**ACTION ITEM**.
Could you say how many lines in the records include "белый"? Please give the number by itself.

**MATERIAL FOR THE TASK**.
┄┄┄┄┄┄┄┄┄┄
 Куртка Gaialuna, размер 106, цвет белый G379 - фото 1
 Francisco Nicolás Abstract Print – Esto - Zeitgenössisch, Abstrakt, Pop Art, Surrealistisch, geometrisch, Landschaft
┄┄┄┄┄┄┄┄┄┄
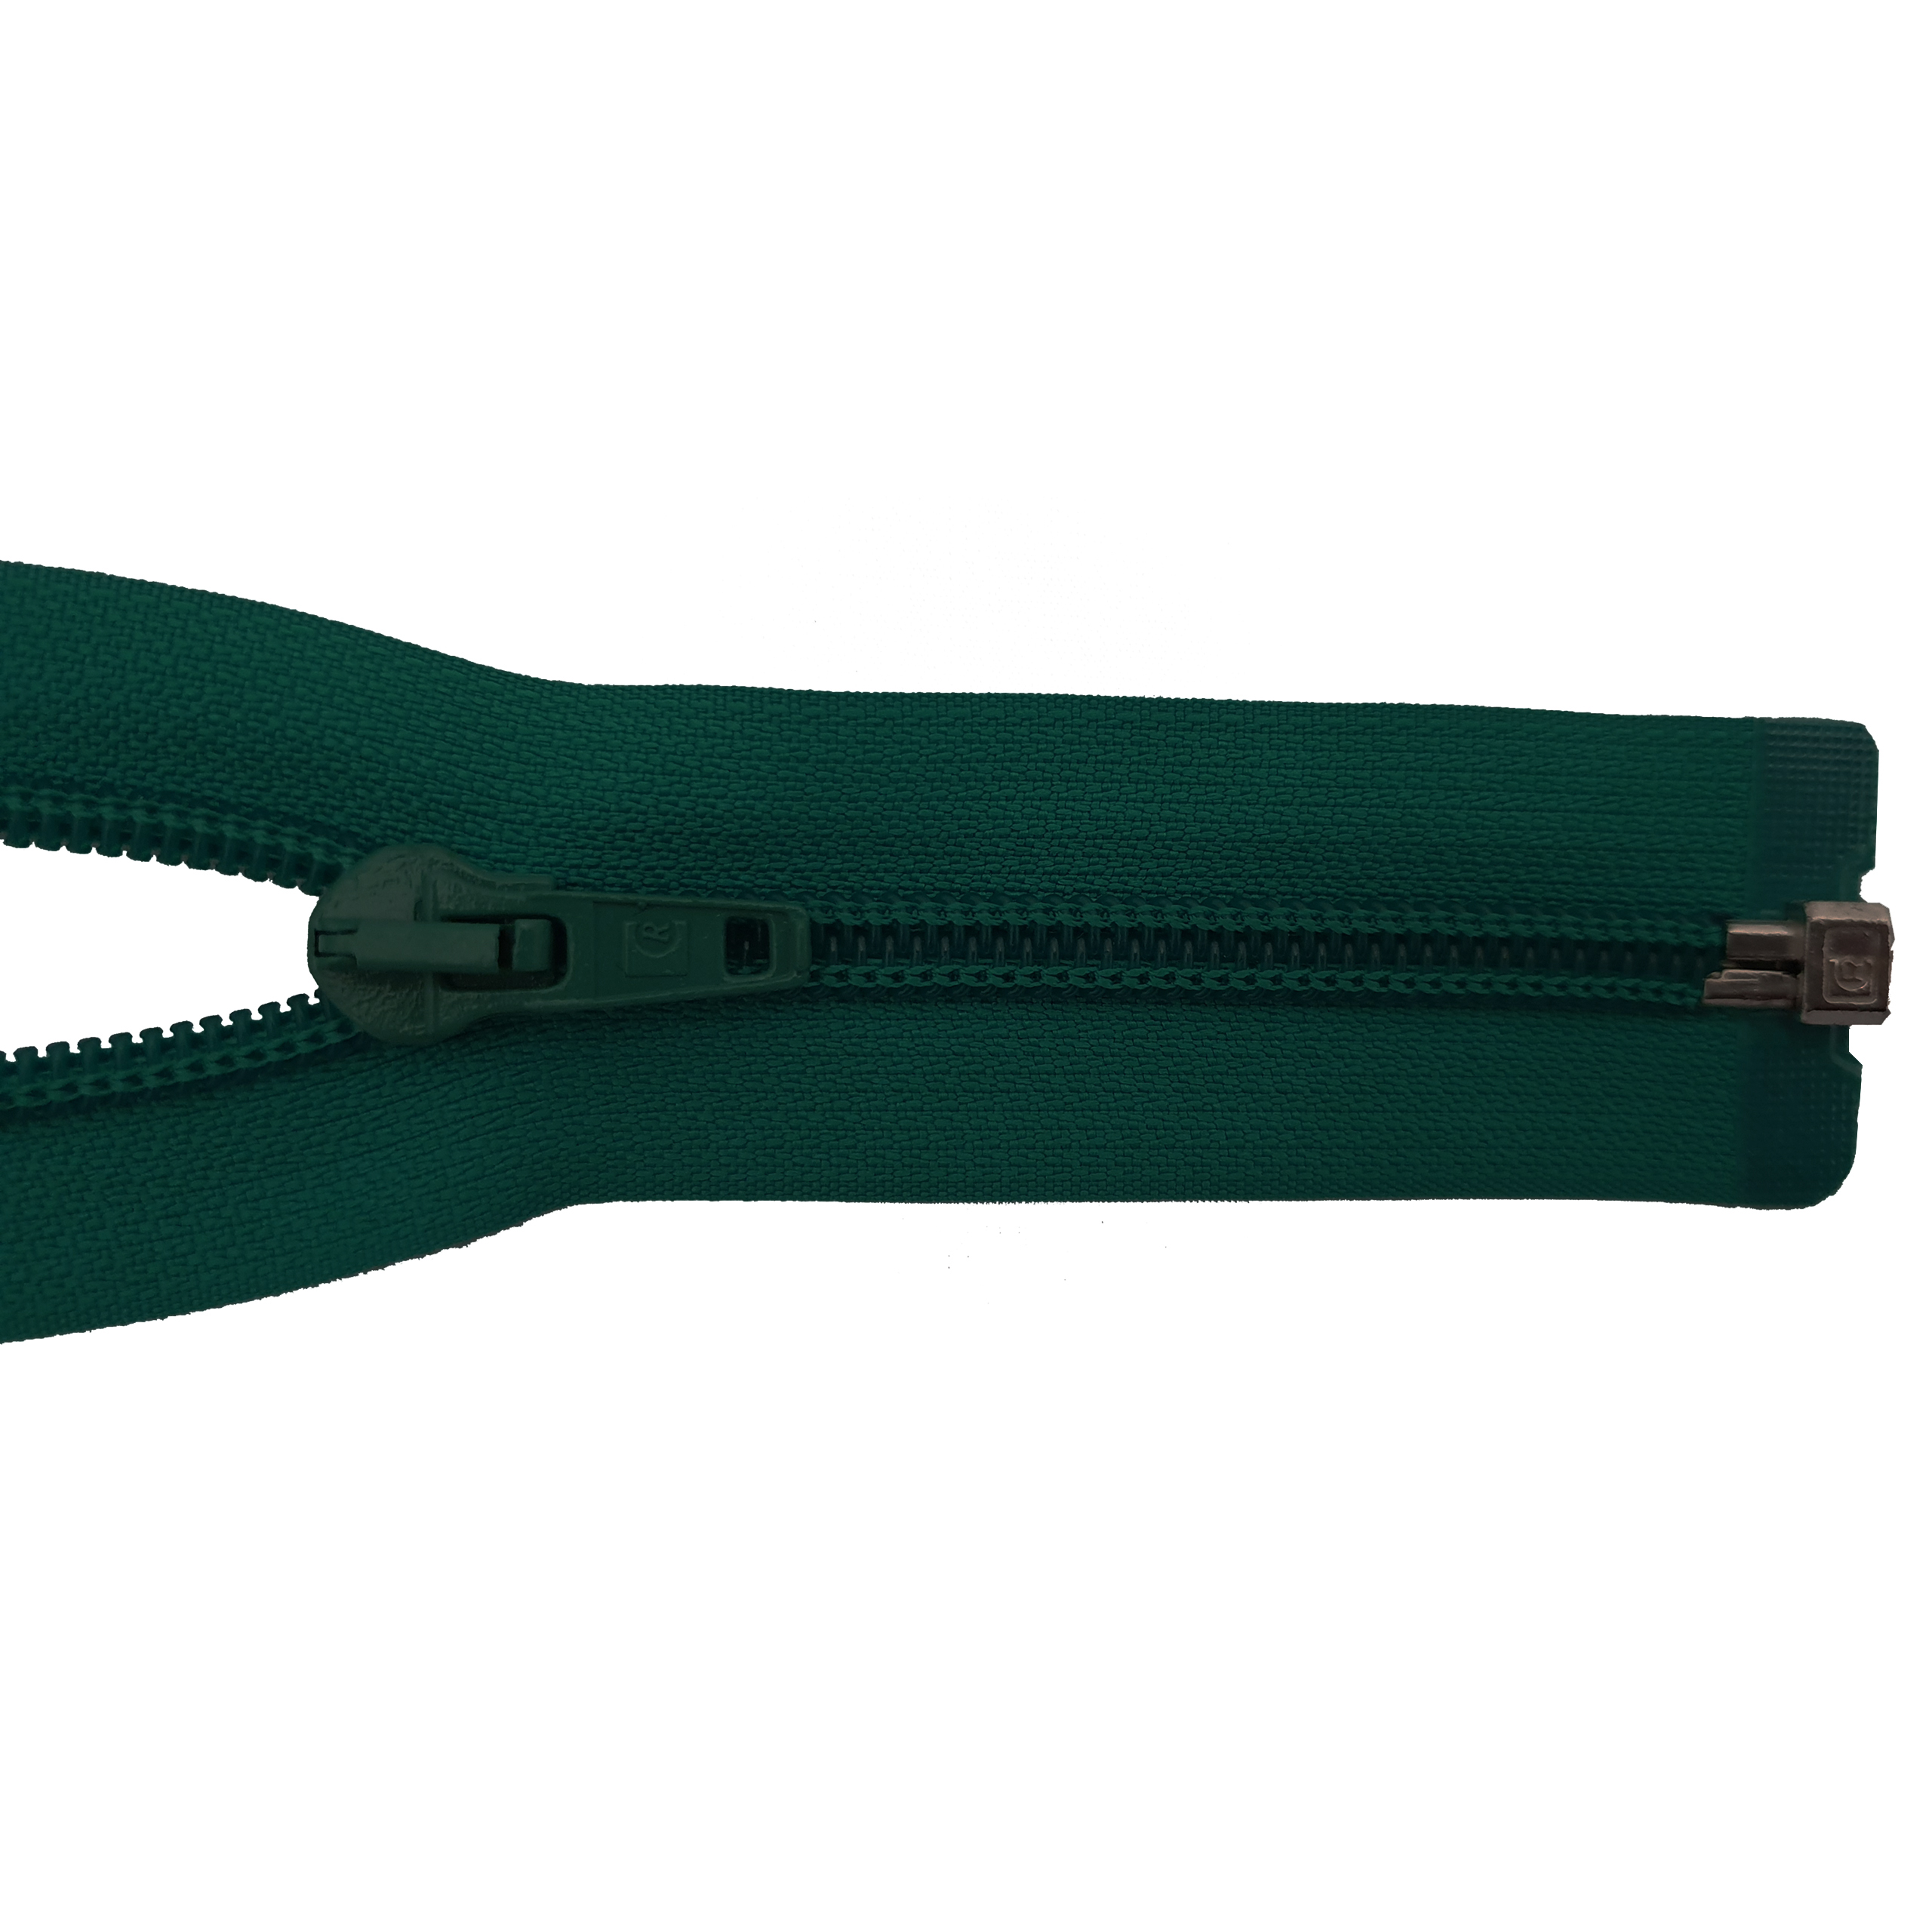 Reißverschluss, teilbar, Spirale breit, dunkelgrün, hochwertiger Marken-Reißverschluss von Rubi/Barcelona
┄┄┄┄┄┄┄┄┄┄
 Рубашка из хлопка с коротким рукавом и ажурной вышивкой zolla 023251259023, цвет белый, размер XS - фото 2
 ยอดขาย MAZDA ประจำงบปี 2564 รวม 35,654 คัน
┄┄┄┄┄┄┄┄┄┄
**RESULT OF THIS EXERCISE**.
2